Olio d’oliva, prezzi in tenuta e raccolto italiano in aumento
Il settore dell’olio d’oliva europeo sta vivendo un ritorno a un trend produttivo nella media, dopo un biennio di offerta ridotta che ha fatto spiccare il volo ai prezzi dell’extravergine arrivati ad oltre i 10 euro al litro. E ora le stime di un rientro nelle medie ha spinto molti nel settore a parlare di un “ritorno alla normalità”. Una normalità sulla quale bisogna però intendersi bene. Il biennio di rincari era stato innescato da due campagne in cui la Spagna, leader mondiale, era stata penalizzata da eventi atmosferici avversi (prima la siccità poi il troppo caldo) che l’avevano spinta a produrre molto al di sotto delle proprie potenzialità, sotto quota un milione di tonnellate.
Quest’estate, si è cominciato a parlare invece per Madrid di un ritorno agli standard con una produzione stimata inizialmente oltre 1,6 milioni di tonnellate. Previsione che secondo Areté, società leader in Italia nel monitoraggio e nell’analisi delle quotazioni delle materie prime agrifood, nel primo semestre del 2025 aveva portato i listini dell’extravergine comunitario a perdere il 45%. Una caduta che immediatamente aveva spinto più di una organizzazione agricola a denunciare il rischio di forti speculazioni sui prezzi. Poi – fortunatamente, sarebbe caso di aggiungere – il caldo estivo ha portato a ridimensionare le stime in Spagna.
Il trend della produzione della campagna 2025-26 sono stati ricordati nei giorni scorsi a Roma in un incontro organizzato da Confagricoltura dalla ricercatrice Ismea, Tiziana Sarnari: «I dati di fonte Coi (Consiglio oleicolo internazionale) – ha spiegato – vedono la Spagna accreditata di una produzione di 1,3 milioni di tonnellate (-3% rispetto allo scorso anno), l’Italia di 300mila (+21%). Ritocco al ribasso per la Tunisia per la quale in un primo momento era stata prevista una produzione superiore alle 400mila tonnellate, non andrà invece oltre quota 270mila riportando così l’Italia al secondo posto tra i principali produttori mondiali. A chiudere la classifica Turchia (290mila), Grecia (245mila), Portogallo (165mila)».

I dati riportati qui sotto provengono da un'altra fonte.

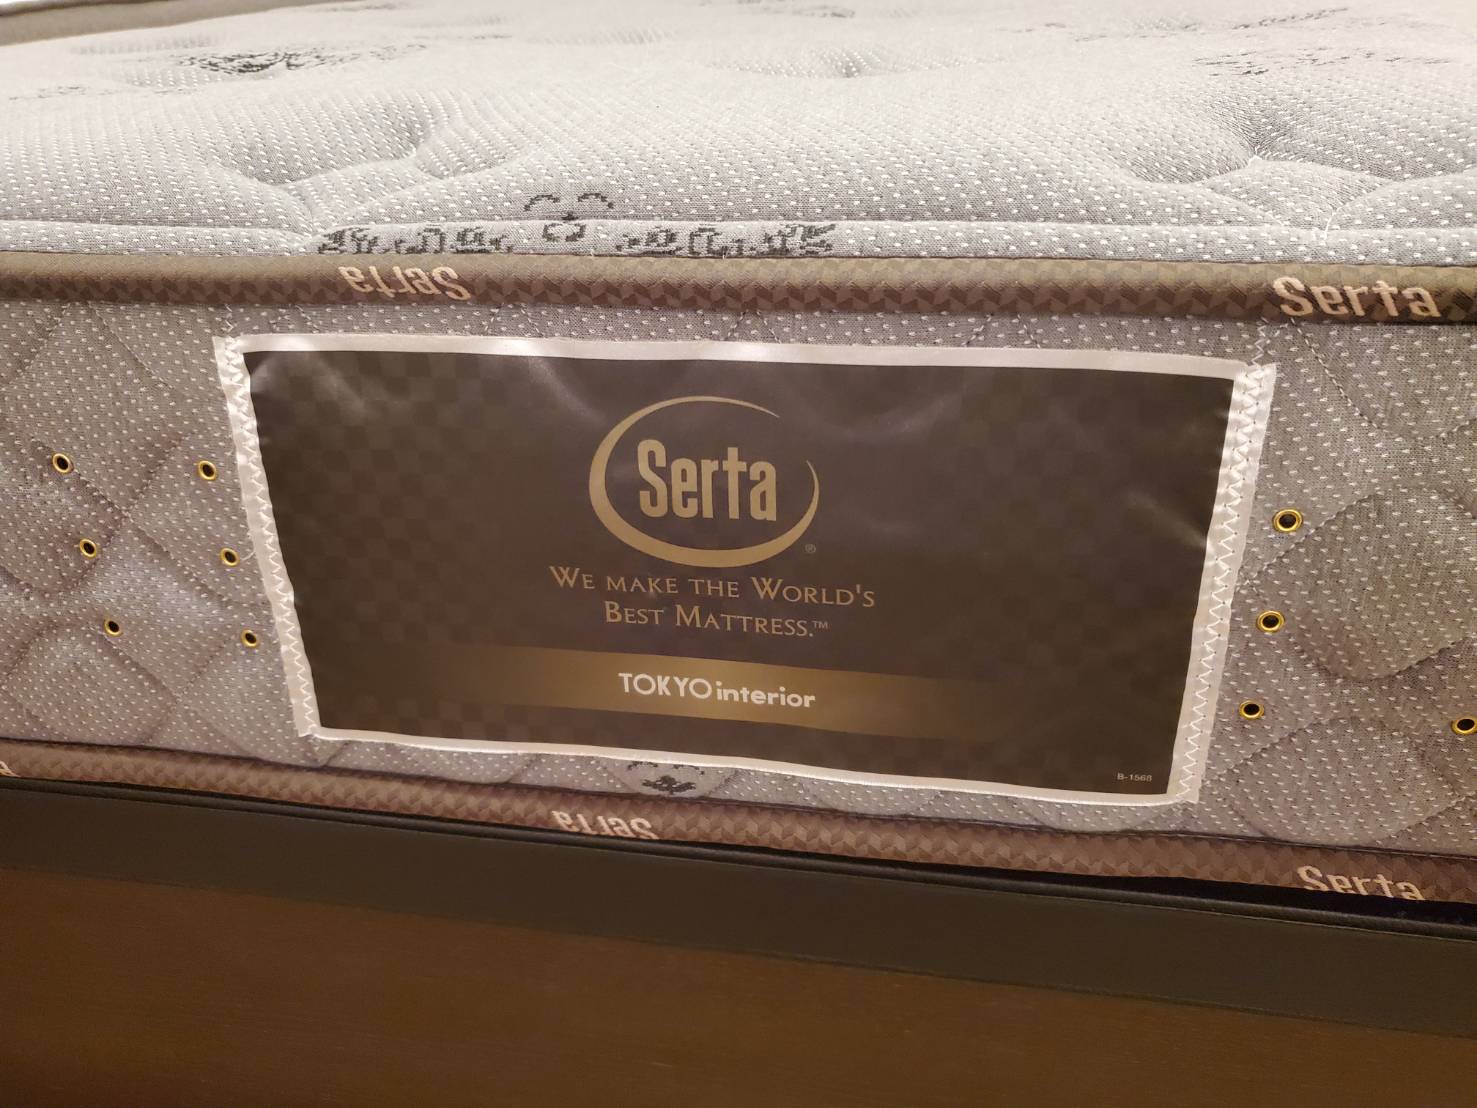 Dream Bed ドリームベッド Serta サータ 跳ね上げ式 セミダブルベッド Tokyointerior 東京インテリア セミダブルサイズ ベッド 買取しました 愛知と岐阜のリサイクルショップ 再良市場

«Uno scenario – ha commentato il presidente di Confagricoltura, Massimiliano Giansanti – che vede ridimensionarsi il protagonismo a livello mondiale dell’Europa e della Spagna e crescere i paesi Nordafricani che ormai ricoprono più di un terzo della produzione mondiale». In queste condizioni di limatura al ribasso delle stime produttive i listini hanno ripreso slancio. «Le quotazioni del prodotto italiano – hanno aggiunto ad Areté – restano su livelli record (+5% sullo scorso anno) mentre l’extravergine comunitario ha registrato a ottobre un rimbalzo del 14% trainato dai rialzi sui mercati all’origine di Spagna (+17%) e Grecia (+15 per cento)».
La tenuta dei listini è stata così salutata con sollievo sia dagli industriali che dagli olivicoltori. Per tutti, infatti, lo spauracchio da evitare sono le vendite sottocosto. Un fenomeno che negli anni ha danneggiato l’extravergine svalutandolo e facendolo assimilare a una commodity. «A causa di questa spirale perversa – ha commentato la presidente del Gruppo Olio d’oliva di Assitol (l’associazione delle aziende olearie italiane), Anna Cane – assistiamo alla “caccia” al prezzo più basso, ormai divenuto l’unico criterio di scelta dell’extravergine. Una gara che fa torto all’extravergine facendolo percepire come un prodotto dallo scarso valore».